Changes in serum Cr and κ-FLC levels in response to daratumumab, lenalidomide, and dexamethasone. The patient was dialysis-independent after the fourth dose of daratumumab by rapid reduction of κ-FLC levels. FLC free light chain, Cr creatinine
Discussion
RI is a well-known complication of MM and is associated with poor prognosis [1–3]. In MM patients with acute kidney injury, a 60% reduction in the FLC levels after an effective chemotherapy within 21 days contributes to improvement in renal function and prolonged survival time [7]; hence, agents with prompt tumor-suppressive effects are preferred. Proteasome inhibitor, such as bortezomib, is preferable in MM with RI because it has a shorter hematological and renal response time than immunomodulatory drugs [8]. However, proteasome inhibitors present a certain risk of cardiotoxicity. The frequency of cardiovascular adverse events in proteasome inhibitors has been reported to be 51% for carfilzomib and 17% for bortezomib [9]. The risk factors for cardiovascular adverse events are considered to be the use of carfilzomib, elevated baseline natriuretic peptide levels, and worsening of natriuretic peptide levels during one cycle of chemotherapy. Therefore, although the patient had severe RI requiring dialysis, she was treated with an LEN-based regimen rather than with bortezomib to minimize the risk of exacerbating heart failure complicated by triple vessel coronary artery disease. In the present case, we observed a rapid decrease in the level of involved FLCs within only one week of daratumumab and LEN/DEX therapy. Therefore, daratumumab could compensate for the inferior time for treatment response to immunomodulatory drugs.
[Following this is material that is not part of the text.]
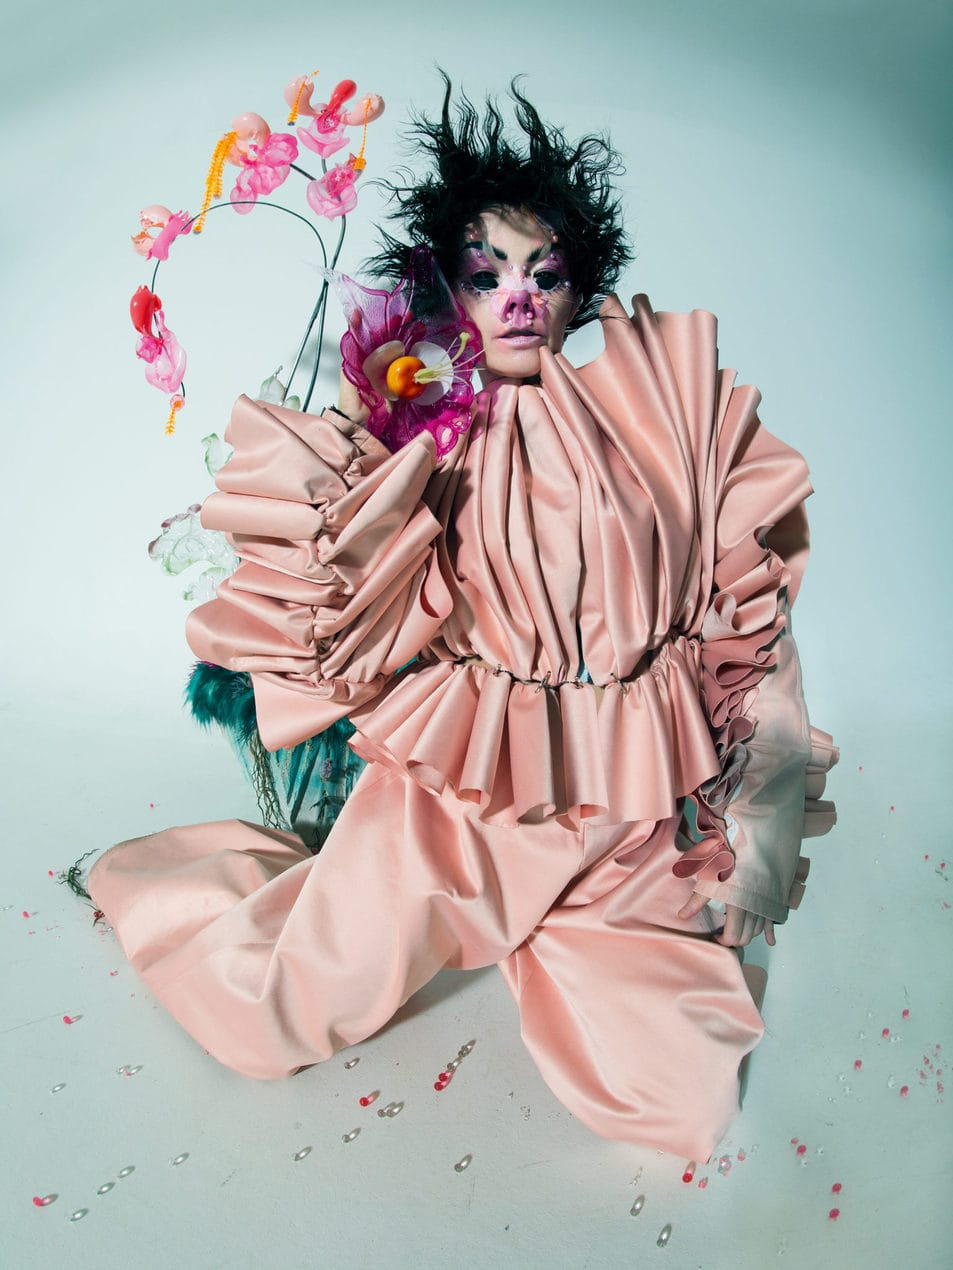 Björk Marlou Breuls. Reykjavik 2017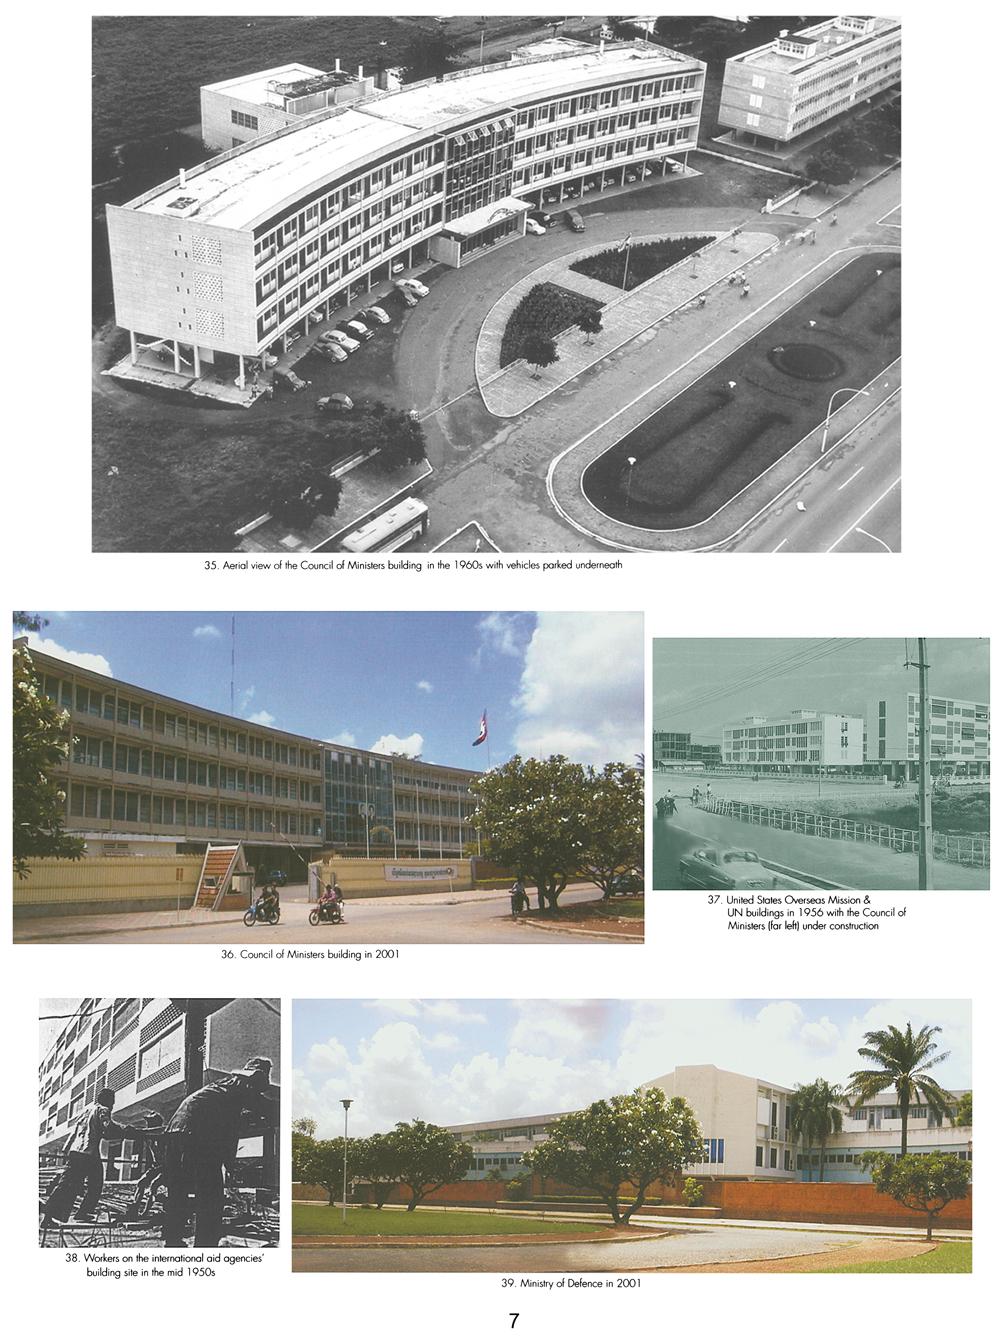 All/document/Documents/BuildingCambodia/BuildingCambodia/id667/photo007.jpg

The present case underwent hemodialysis during chemotherapy. The hemodialysis might have affected the decrease in FLCs, but VPS-11HA is a dialyzer with small membrane area and low dialysis efficiency. She was not receiving hemodiafiltration or plasma exchange. We therefore believe that the main cause of the rapid reduction in FLCs is not removal by hemodialysis.
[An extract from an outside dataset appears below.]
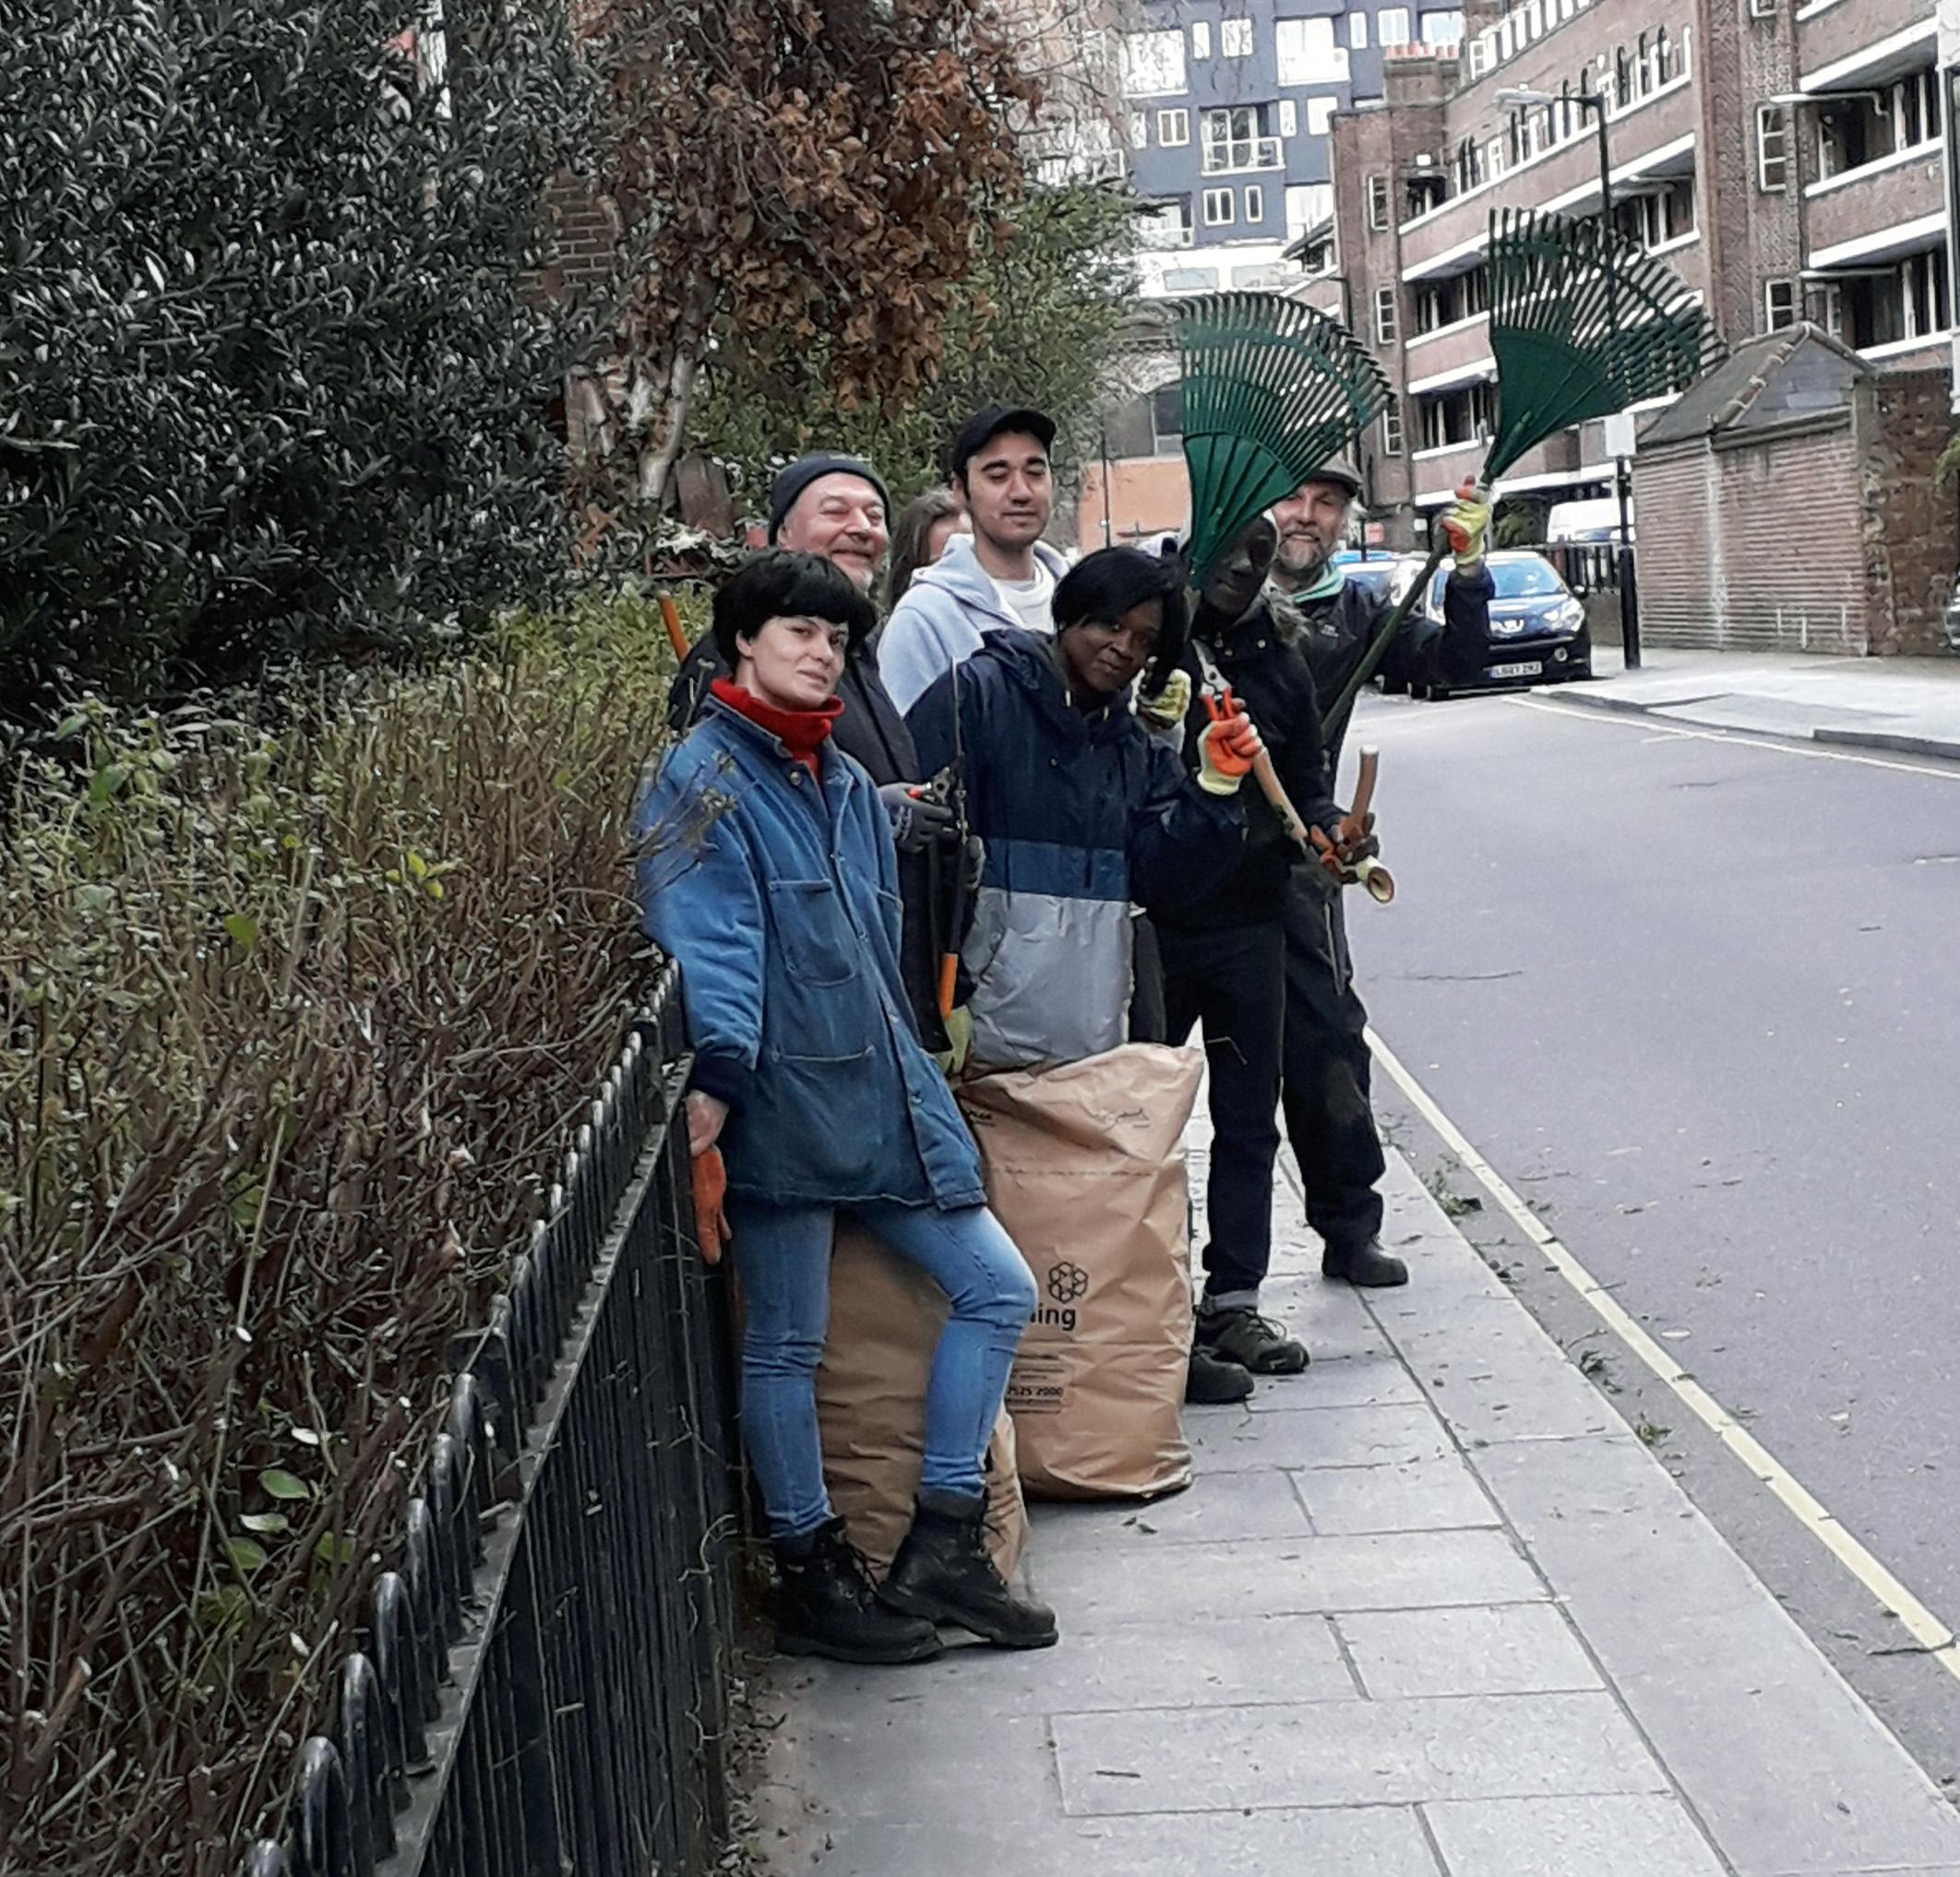 FG6 street planting cropped.jpg

MM is a disease that develops predominantly in the elderly [10]. Elderly patients often have various comorbidities, such as cardiovascular disease, chronic kidney disease, and metabolic syndrome. Thus, it is important to continue safe chemotherapy for such patients to avoid exacerbation of their condition from the viewpoint of onconephrology. In the present case, since the patient had severe RI and ischemic heart disease, the standard dose of daratumumab was administered by adjusting the infusion rate to reduce the heart load, thereby avoiding exacerbating heart failure. Infusion-related reactions, such as fever and chest discomfort, were observed, but they did not result in patient non-compliance with the treatment. We reported previously a similar case of MM where the patient required daratumumab therapy with a reduced infusion rate and dialysis [11]. We believe that daratumumab can be used safely and effectively in patients with severe RI and cardiac disorders. Recently, Mateos et al. reported a randomized, open-label, phase 3 trial (COLUMBA) in patients with myeloma, in which the subcutaneous administration of daratumumab was non-inferior to intravenous administration [12]. Although that study excluded patients with severe RI and an estimated creatinine clearance of < 20 mL/min/1.73 m2, the subcutaneous administration of daratumumab in a clinical setting may be useful for fluid management in patients with severe RI complicated by heart disease in the near future.
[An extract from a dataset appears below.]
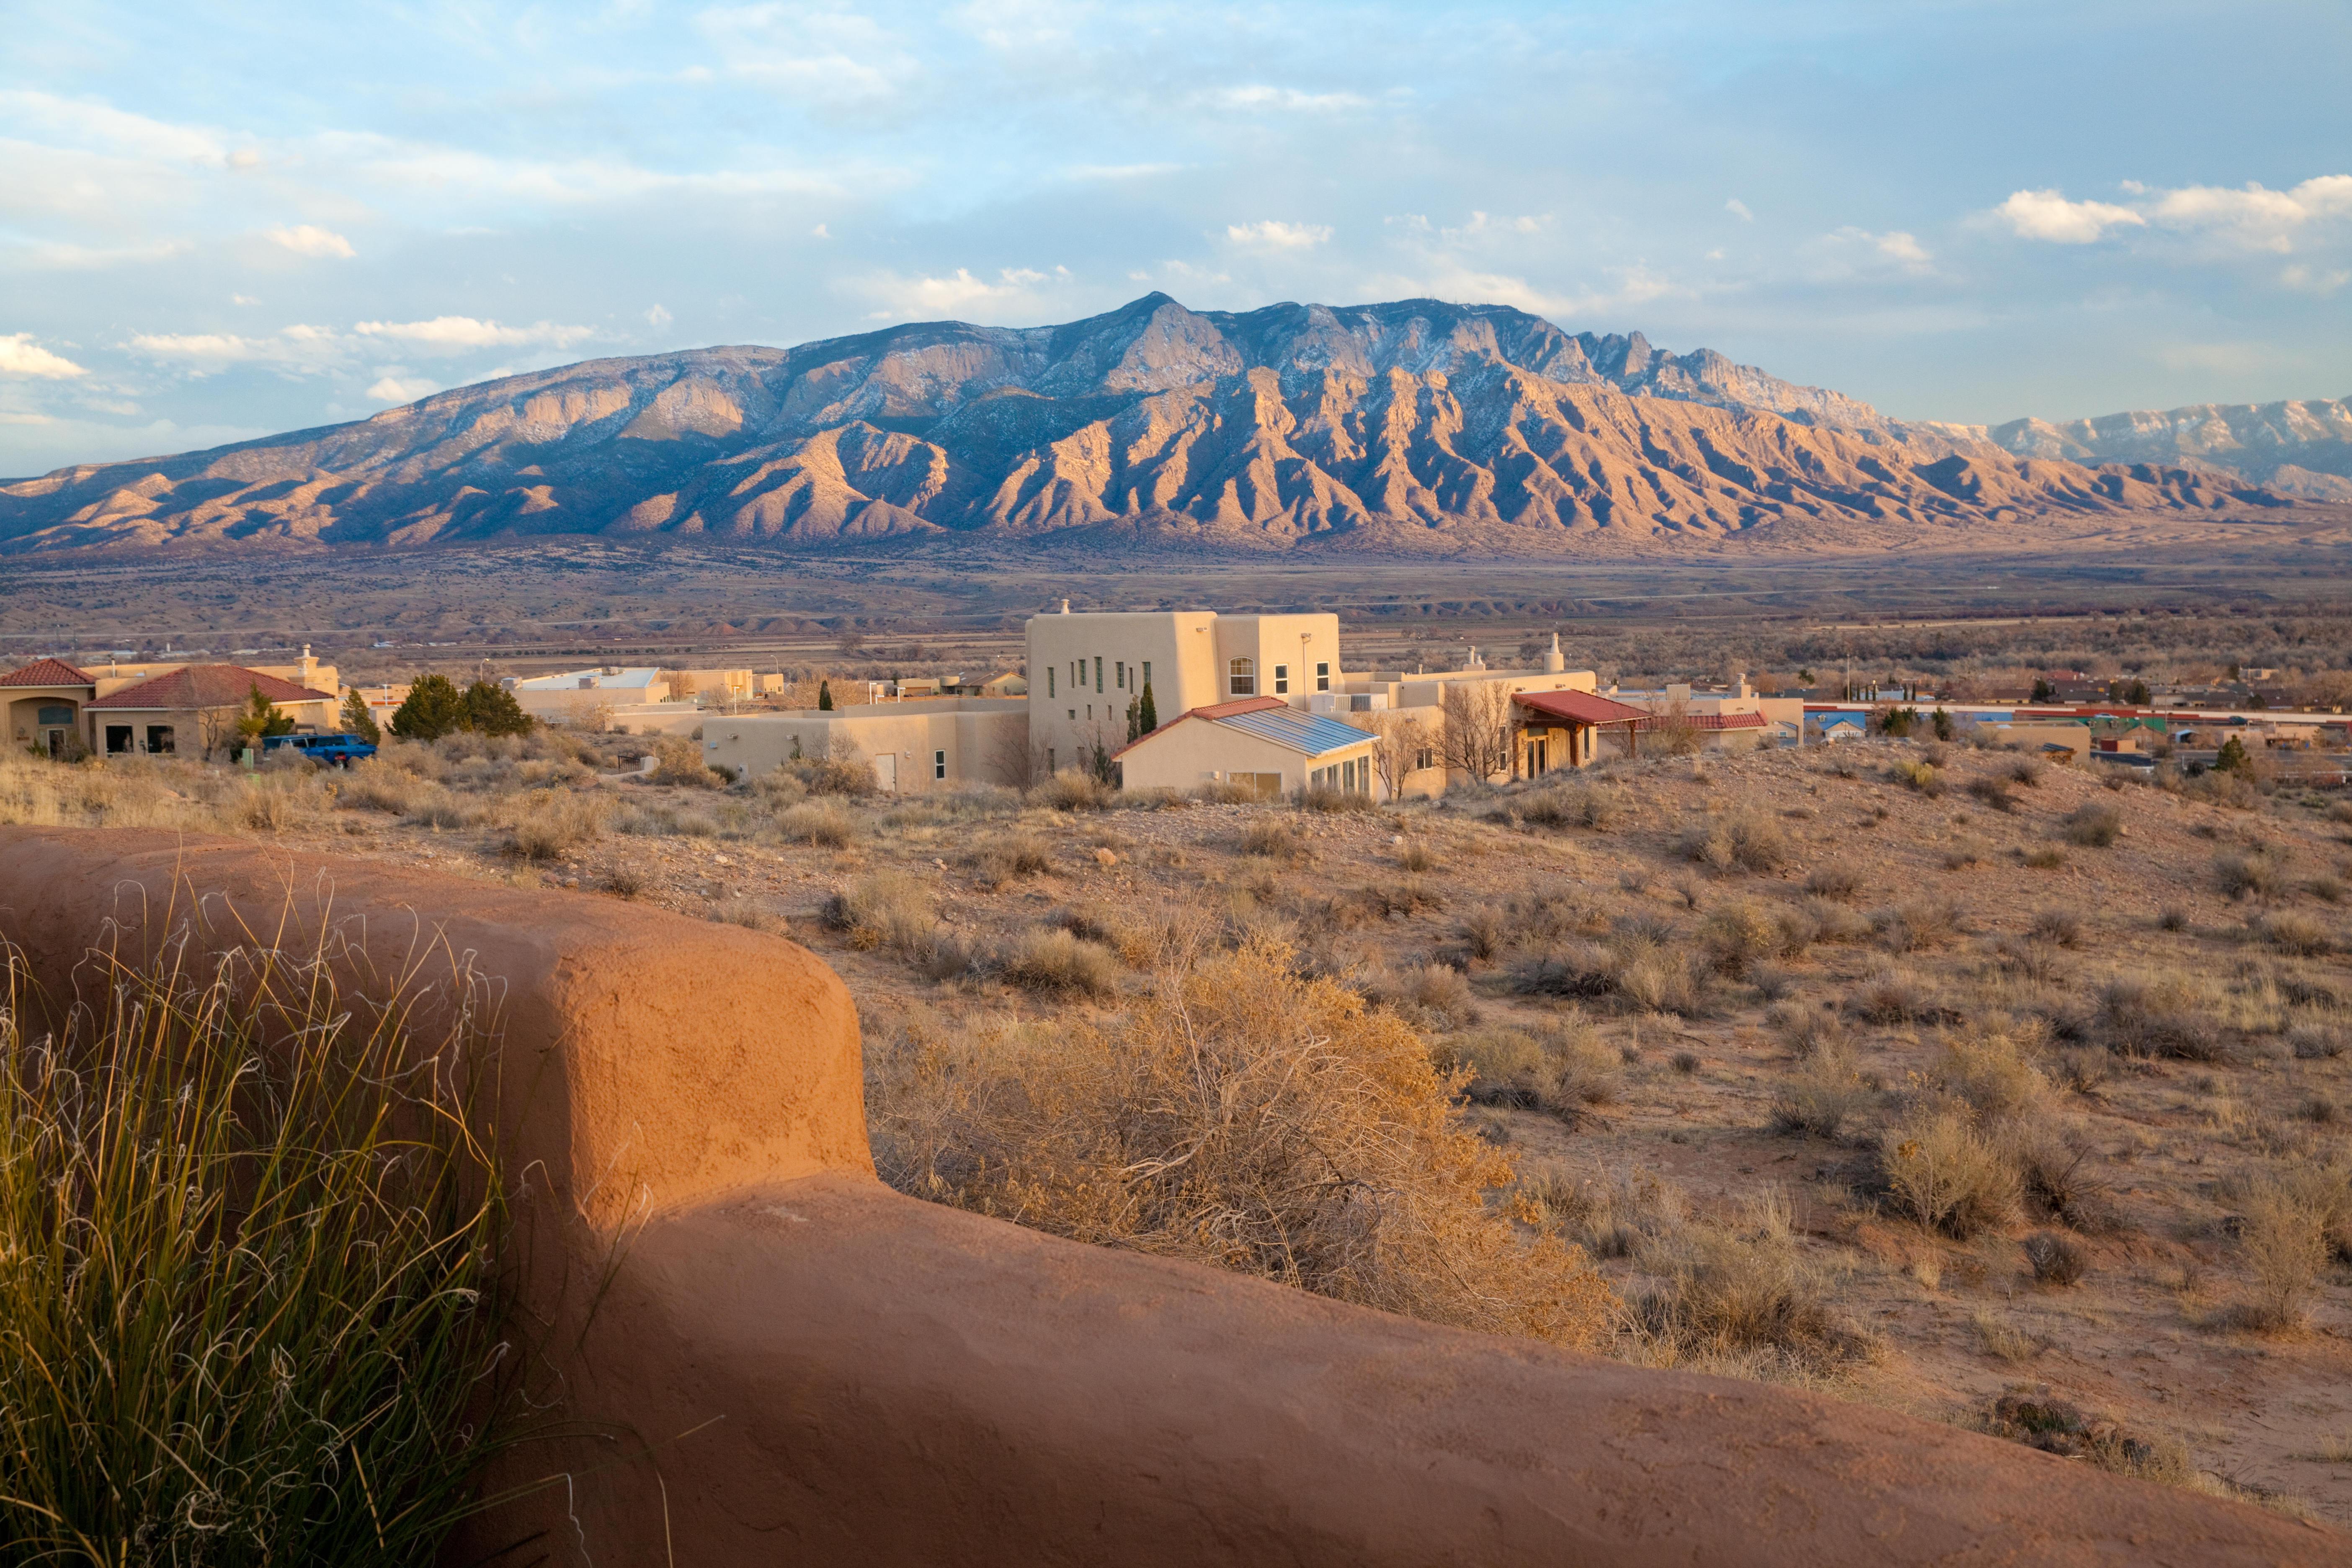 View of Sandia mountains, Albuquerque New Mexico.

Only few case reports of patients on dialysis treated with daratumumab are available [11, 13–17]. Among them, the patients who were able to become dialysis-independent or could manage with its reduced frequency showed a good hematological response [11, 13–16]. Cajalvo et al. reported the safety and efficacy of daratumumab monotherapy in 15 patients undergoing dialysis but did not demonstrate whether they recovered from RI [17]. In all of these cases, daratumumab was administered as a second-line therapy or beyond. To the best of our knowledge, our study is the first to use daratumumab as a first-line therapy in patients undergoing dialysis. The patient in our study had severe RI and was treated with daratumumab as a first-line treatment and showed favorable hematological and renal responses. Daratumumab-based regimens are currently one of the most effective treatments for MM, and we believe that extending their use to patients with severe RI could be beneficial. Additionally, our case report facilitates future research on treatment regimens for patients with MM requiring dialysis considering the complications of renal dysfunction. In the concept of onconephrology, the indication and adjustment of chemotherapy for cancer patients with severe RI are important topics. This is a valuable report in which a patient with acute kidney injury requiring dialysis was treated as aggressively as patients without renal impairment and showed favorable hematological effects and improvement in renal function.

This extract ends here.